Subscription License Agreement

The following terms and conditions constitute GraVoc Associate, Inc.’s  Subscription License Agreement.

1. Definitions

1.1. Licensed Software: The software product or service provided by Licensor under this Agreement, including any updates or modifications.

1.2 Subscription Term: The duration for which Subscriber has use of the Licensed Software.

2. License Grant

2.1 License: Subject to the terms and conditions of this Agreement, Licensor grants Subscriber a non-exclusive, non-transferable license to use the Licensed Software during the Subscription Term solely for Subscriber's internal business purposes.

2.2 Restrictions: Subscriber shall not (i) sublicense, distribute, or transfer the Licensed Software to any third party; (ii) reverse engineer, decompile, or disassemble the Licensed Software; (iii) modify, adapt, or create derivative works based on the Licensed Software; (iv) use the Licensed Software for any unlawful purpose or in violation of any applicable laws or regulations.

3. Subscription Fees

3.1 Fees: Subscriber agrees to pay Licensor the applicable subscription fees as set forth in the pricing schedule provided by Licensor.

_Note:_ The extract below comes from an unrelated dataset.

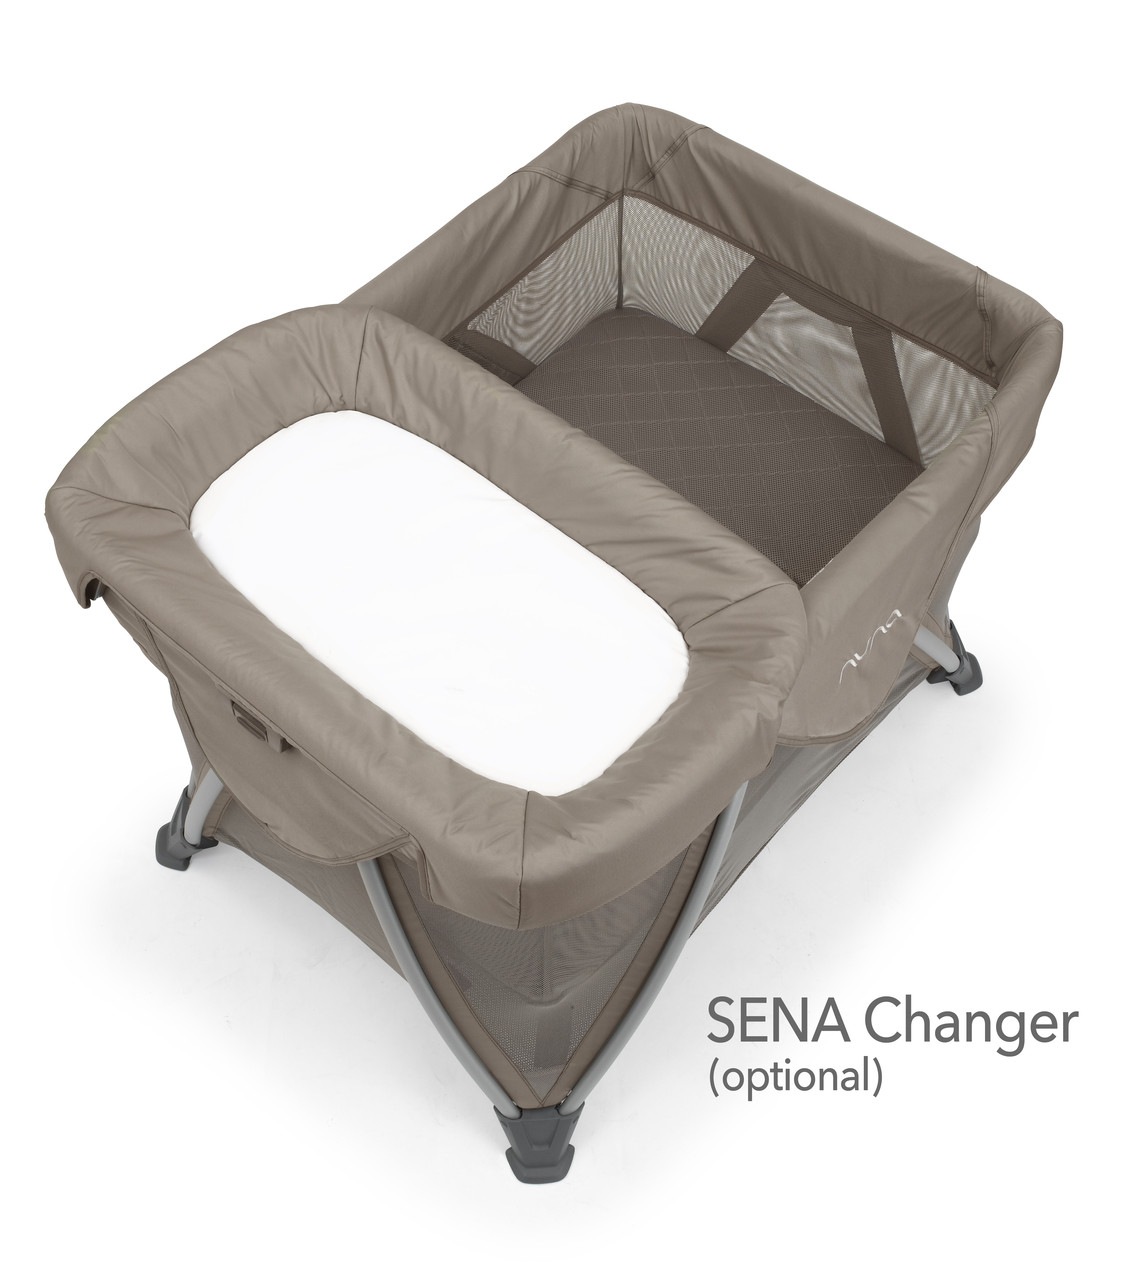 Nuna 174 Sena Aire Play Yard Bassinet Includes Organic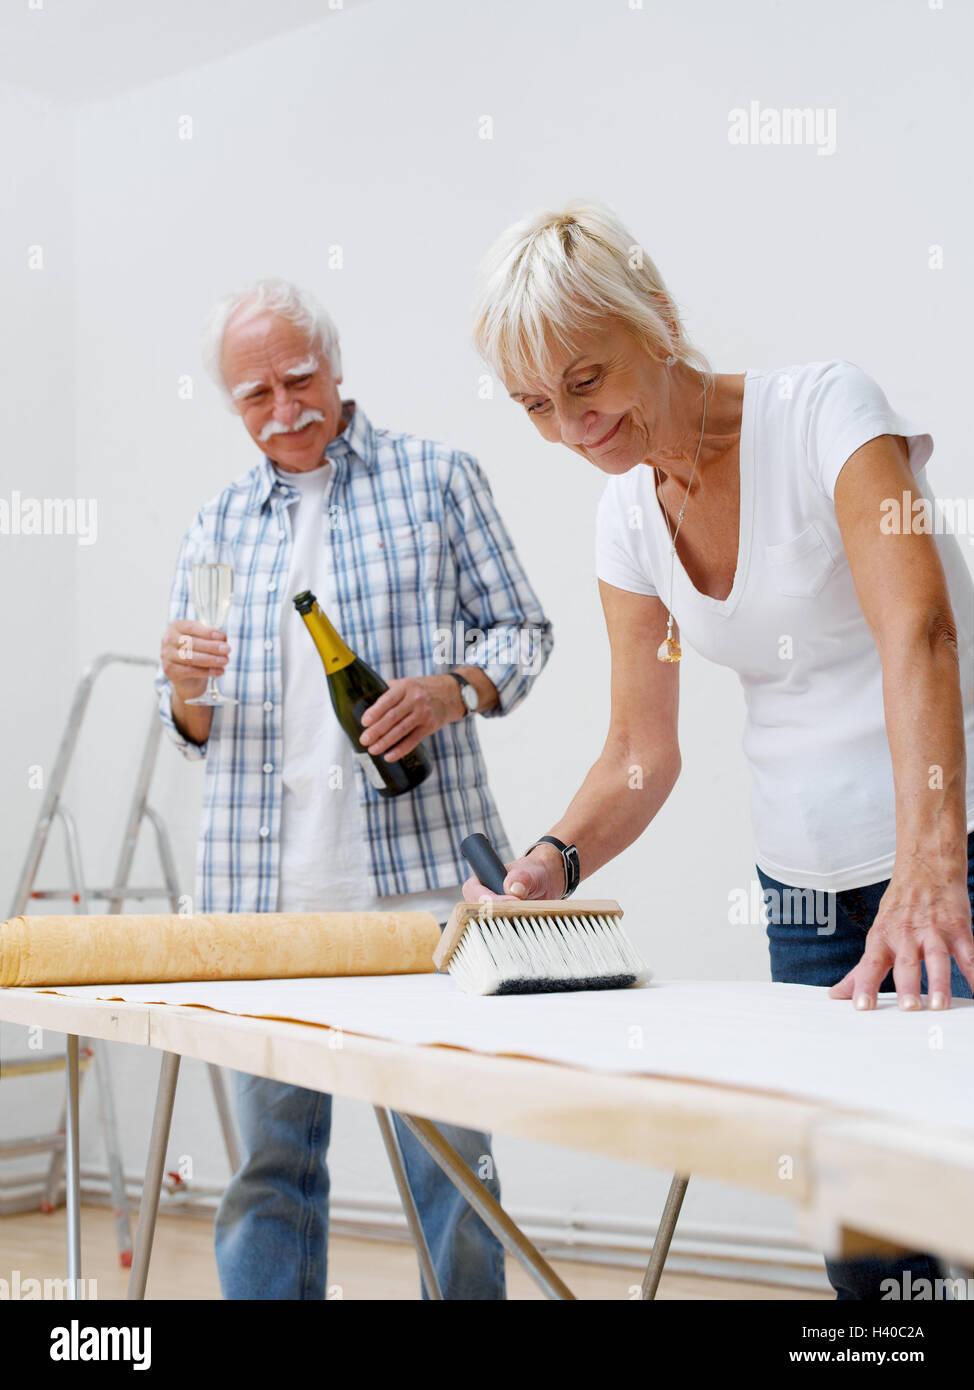 Flat Renovation Works Senior Couple Wallpaper 60 70 Years Stock

3.2 Payment Terms: Subscription fees are due monthly in advance unless otherwise agreed upon by the parties.

4. Term and Termination

4.1 Term: This Agreement shall commence on acceptance of the license herein and continue for the Subscription Term unless terminated earlier in accordance with this Agreement.

4.2 Termination: Either party may terminate this Agreement upon written notice if the other party breaches any material term of this Agreement and fails to cure such breach within 30 days after receipt of written notice thereof.

5. Confidentiality

5.1 Confidential Information: Each party may have access to certain confidential information of the other party. Confidential Information shall be kept confidential and not disclosed to any third party without the disclosing party's prior written consent.

6. Limitation of Liability

6.1 Limitation: In no event shall either party be liable for any indirect, incidental, consequential, special, or punitive damages, including without limitation, damages for loss of profits, data, or use.

7. Miscellaneous

7.1 Governing Law: This Agreement shall be governed by and construed in accordance with the laws of Massachusetts

7.2 Entire Agreement: This Agreement constitutes the entire agreement between the parties regarding the subject matter hereof and supersedes all prior or contemporaneous agreements, understandings, negotiations, and discussions, whether oral or written.